生まれたてのメアリイの肌は黒くありませんでした。トムは狂喜します。

My dear mary.

My fair mary.

メアリイ、なんて小さいんだ!

メアリイ、スピシマン(砂金)

可愛いメアリイ、Snow white.

Fair white メアリイ 

笑子、見ろよ、この、碧い眼を!メアリイはブロンドだぜ!

トムがメアリイに向けて語る語彙の悲しさ。肌の色にかけるトムの激しい執着が伝わります。

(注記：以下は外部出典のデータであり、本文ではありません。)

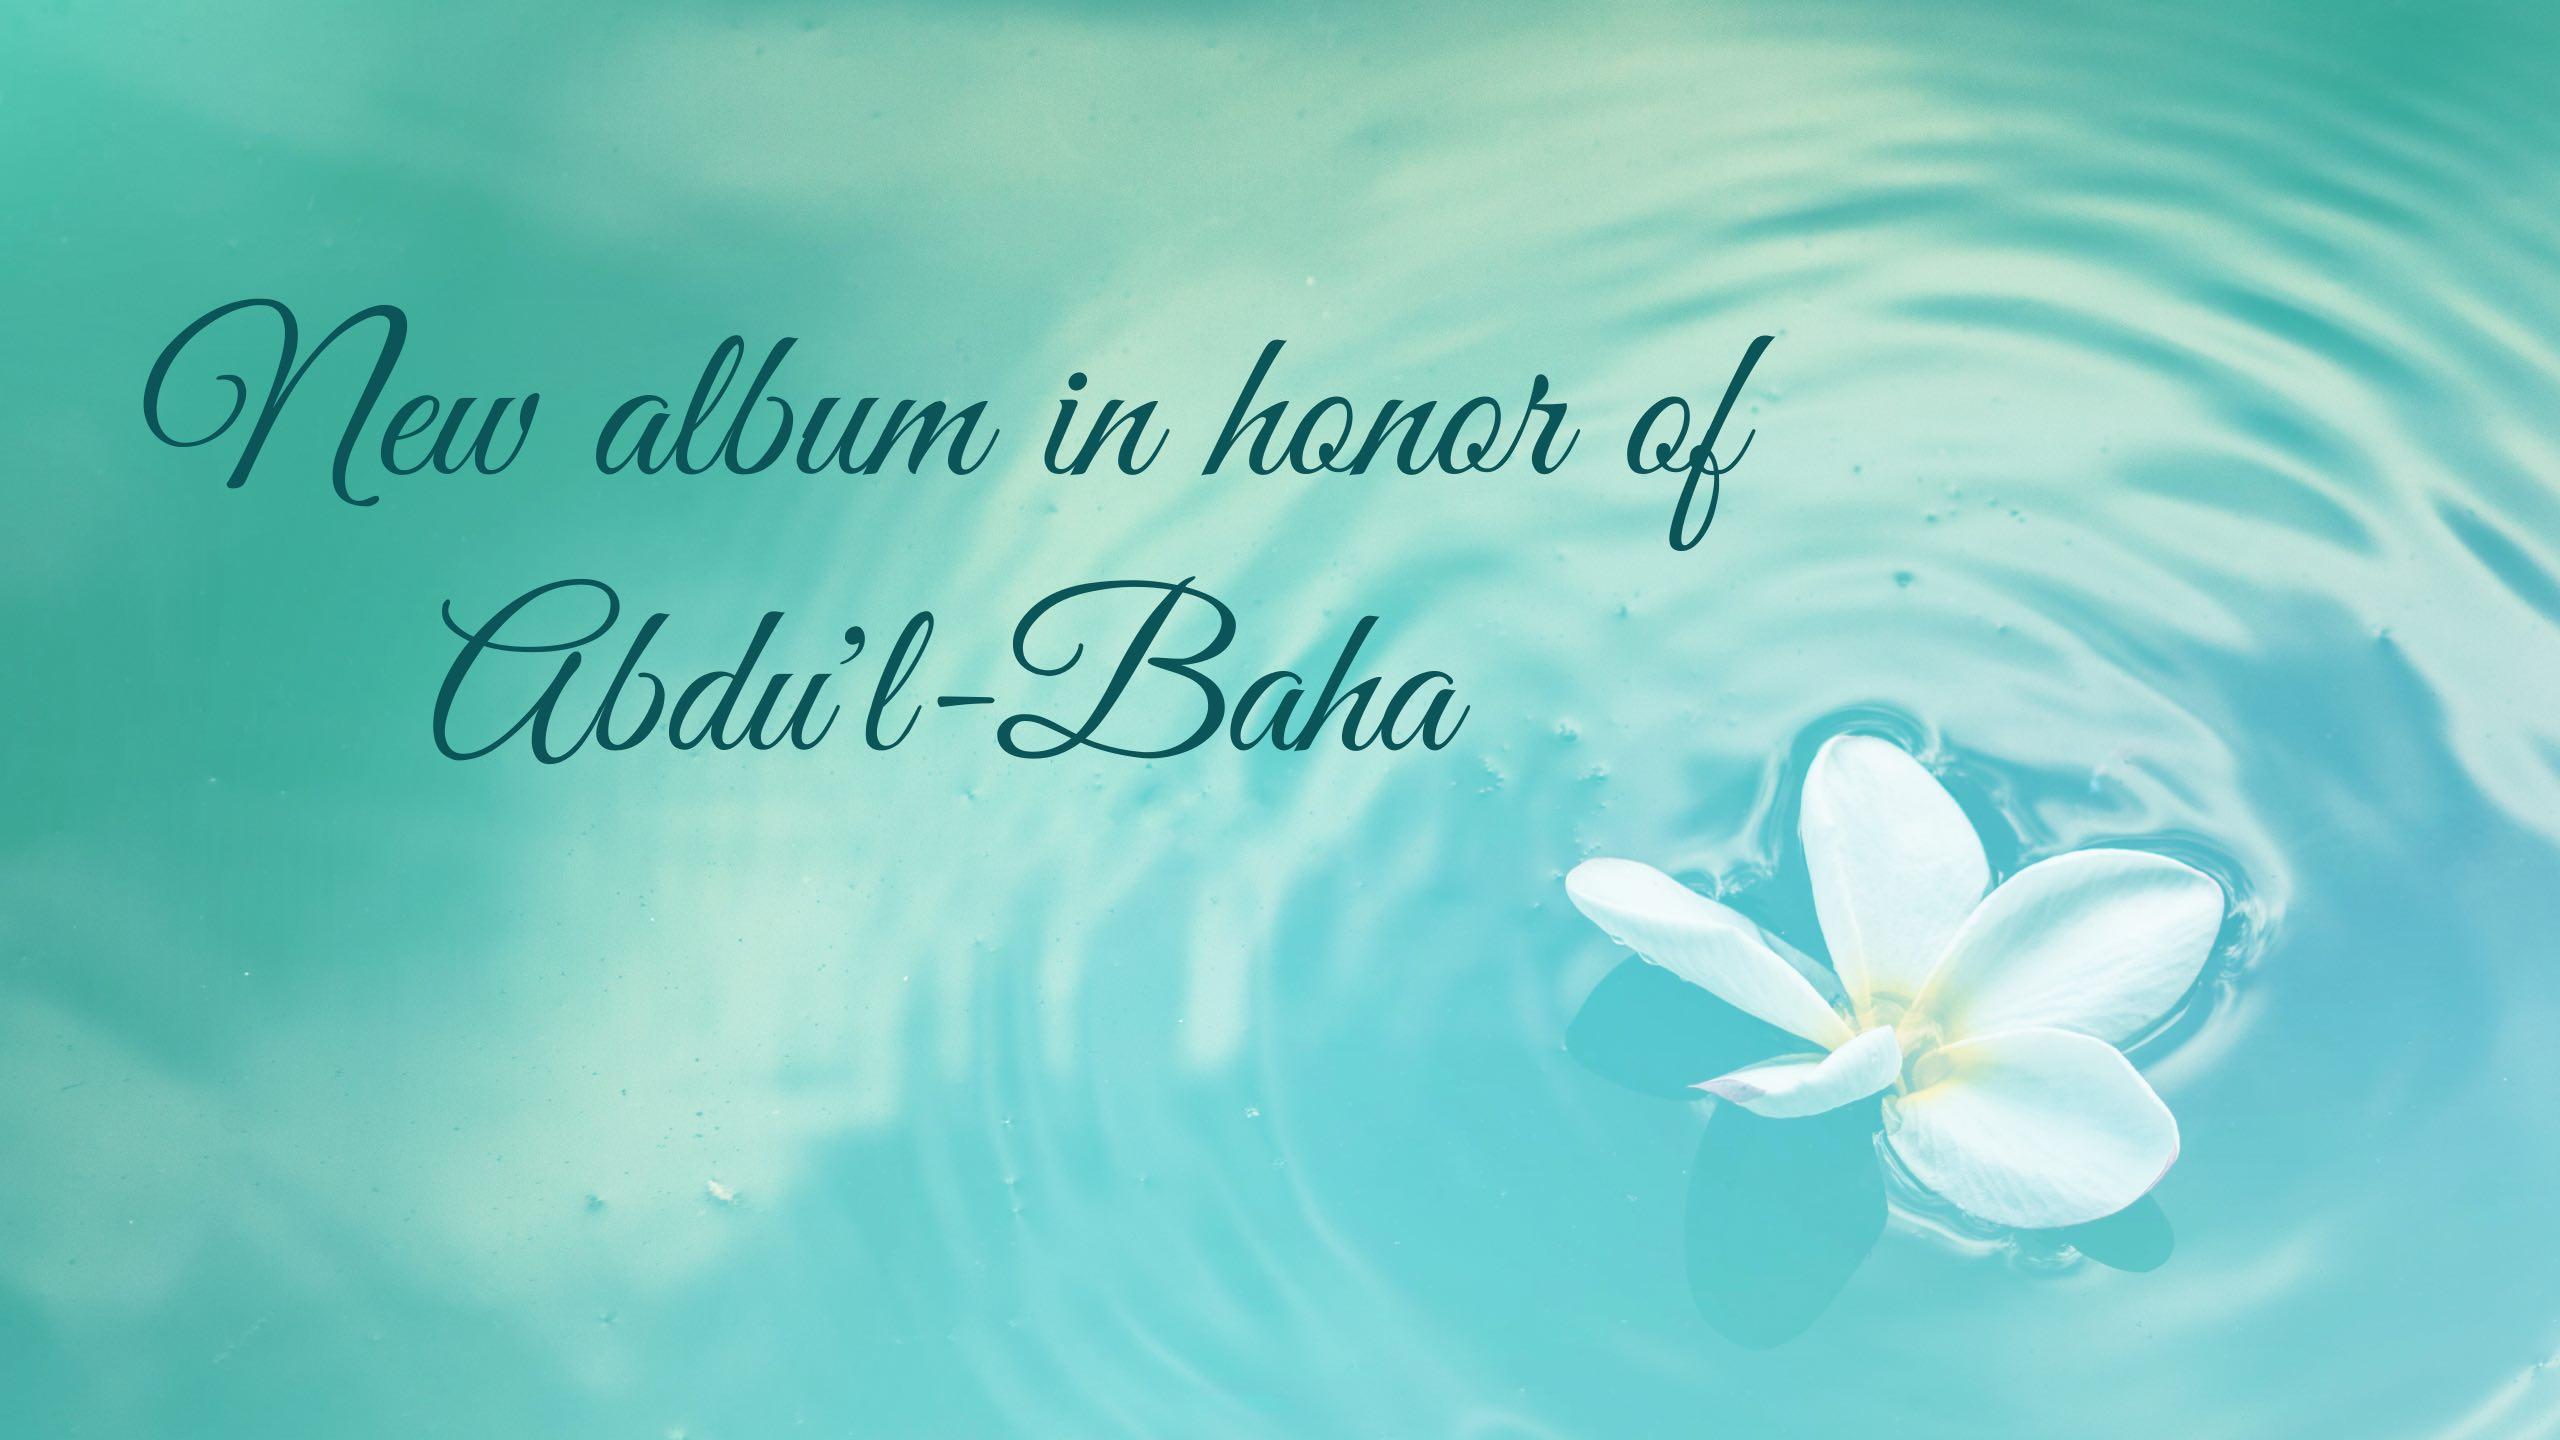 News on music album in honor of Abdu'l-Baha

希望の根拠は下のように、とても頼りなく僅かなものなのですが。

僕のお父さんのお祖父さんはれっきとした白人なんだ。ヘンリイ・ジャクソンといって、ブロンドで眼の碧いアイリッシュだったんだ

そうとも。英国の隣にあるアイルランドがジャクソン家の祖国なんだ。僕を普通のニグロだと思ったら大間違いだぞ

その後、メアリイがどんな容姿に育ったかはネタバレになるので触れずにおきましょう。

ニューヨークに渡った笑子は、アメリカ出自の白人>イタリア人、ユダヤ人などの当時で言う「二等、三等白人」>黒人(アフリカンーアメリカン)>プエルトリコ人という序列の厳格さに驚きます。今とは少し構図が違うのでしょうが。

 

日本では白人も黒人も、みんな一括りにアメリカ人だったのに。

こんなに根強い差別意識があるなんて知らなかった。

陽気で羽振りの良かったトムの姿は、戦争が生んだひとときの夢だったのか!

 

ニューヨークではニグロの英語しか話せない日本人として、職探しにも苦労する笑子。

仕事に疲れ精気を失うトム。

南部から兄一家の元に勝手に押しかけてきて、働きもせずに居座り続けるトムの弟。

増え続ける子供たち。

困窮に拍車がかかる暮らし。

差別と貧困の連鎖が生々しく描かれていくのですが、最後の最後に救われた気持ちになるかたが多いかと。

 

聞き慣れないタイトルの示すところが何なのか。日本の禁色・非色とかけたニュアンスもあるでしょうが、

『非色』= not  colored ではない。

人の価値は色に非ず、だ。

笑子の心境の変化から、私はそう読みました。

タフな内容ですが、決して絶望的ではなく、人の強さに対して前向きなところが有吉作品らしい。

新本ではもう入手出来ないようですが、とても良い本でした。感謝です。